Дворжецкий цен на рабынь, да и на всё остальное, не знал. Зато, сразу всё готовое. Да, и не большие деньги для Брехта, раз он ему так легко их выдал. Нужно соглашаться. Опт.
– По рукам. Это, Иван, а скажи мне, где тут ещё можно во Владивостоке ткани купить. Хорошей. Шёлк. Хлопок толстый. Парусину. И, может, знаешь, кто ещё продаёт швейные машинки. Может, новыми кто торгует. Нет такого магазина.
– Хи-хи. Нет. Магазина такого нет, а с нужными людьми, если деньги есть, сведу.
– Веди.
– А обмыть? Сделку-то. Нет. Удачи не будет. Обмыть надо. Хи-хи.
– Ха-ха. Чего не обмыть!
Событие сорок девятое
«Вот это да! В пятницу мы так не слабо посидели, а сегодня с утра – никакого похмелья, и все выходные впереди!» – Радовалась Катя, ещё не подозревая, что сегодня уже среда.
Народная примета: если с похмелья утром зубная щётка не помещается в рот, то она от обуви.
Обмывание затянулось.

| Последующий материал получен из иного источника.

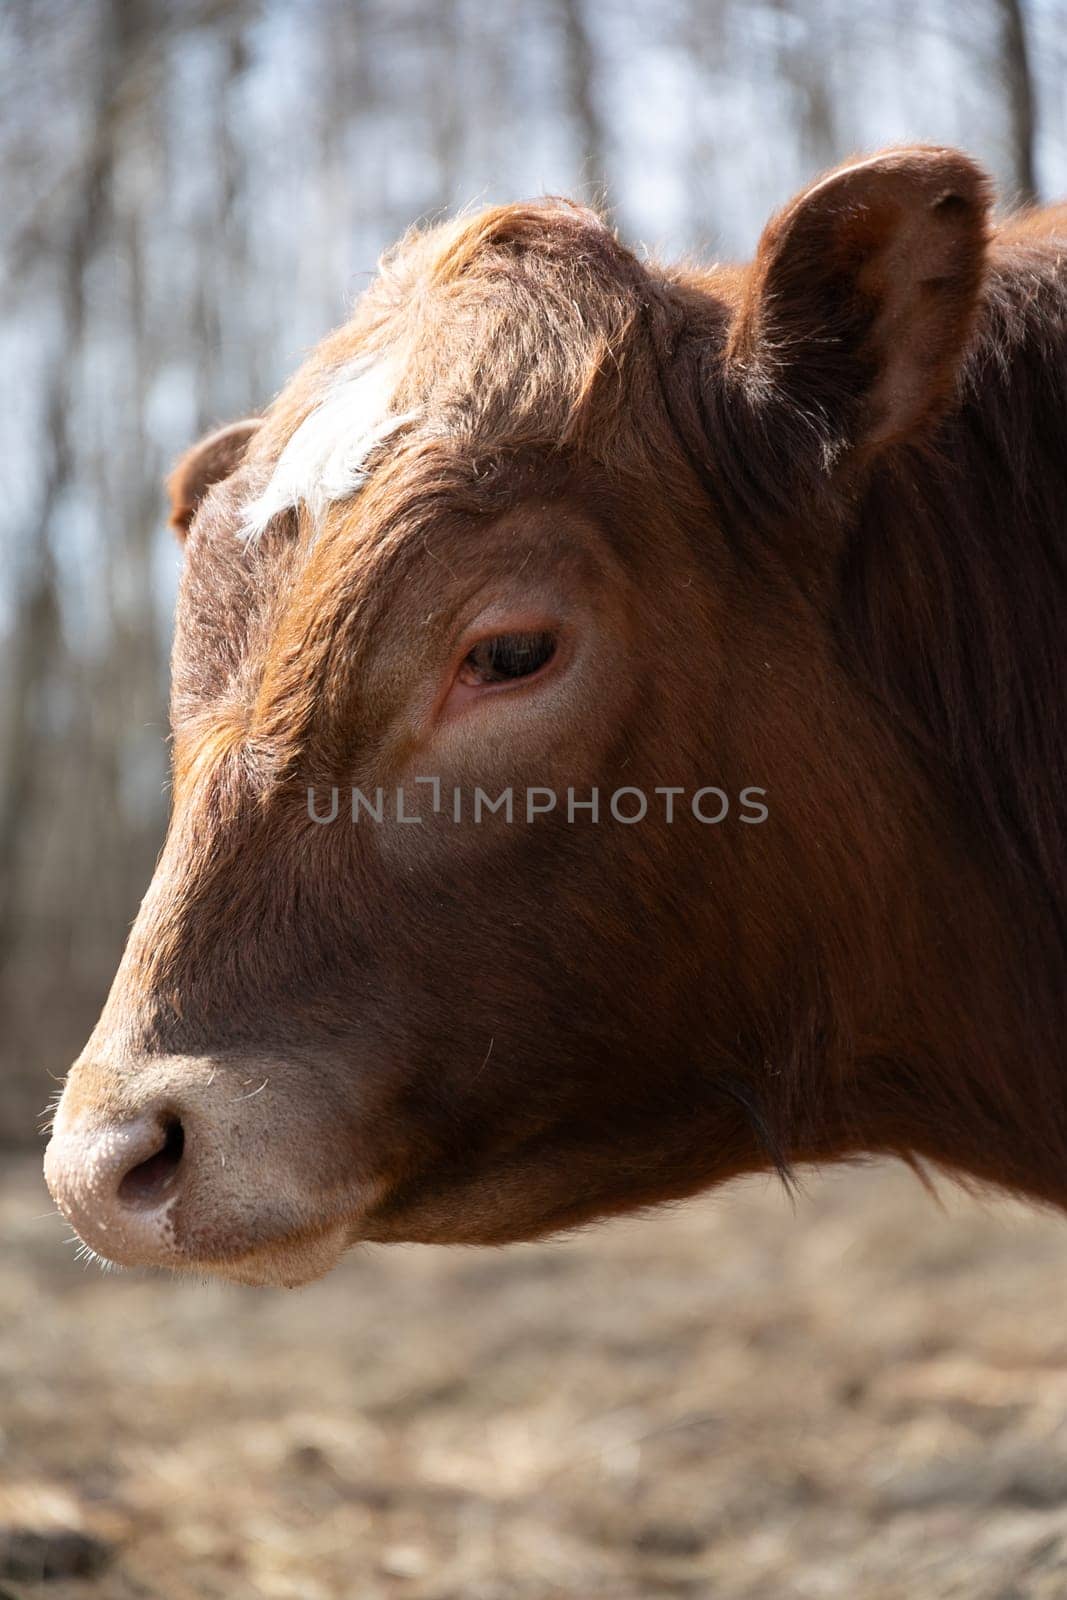 A brown cow standing on top of a dry grass field under the sun. The cow appears calm and peaceful, looking around the vast open space.

Потом ещё затянулось. И ещё затянулось. Сначала, как положено обмыли шампанским. Традиция. Шампанское было настоящее. В смысле, из Шампани. Пришлось отдать золотой червонец. Вот, нет бы и закончить, дел впереди полно. Нет. Усугубили коньяком. Тоже оттуда, из провинции Коньяк, на юго-западе Франции. Что одна бутылка на троих? Только клопов раздавленных понюхать. Да, к тому же, шустовский и мягче будет. Жестковат французишка.
Дальше был наш самогон. Вот это была вещь. Он горел, что говорило о крепости, он не вонял, и не был мутным, что говорило о двойной перегонке и правильных методах очистки. Вещь. Ещё бы закуски?
– Закуски. Сейчас, эй, Дунька, Ванька и Манька сюда быстро! – спустились на рёв бывшего хозяина лавки «Материца» три азиатки со второго этажа, а за ними и русская рыжая девичья мордочка.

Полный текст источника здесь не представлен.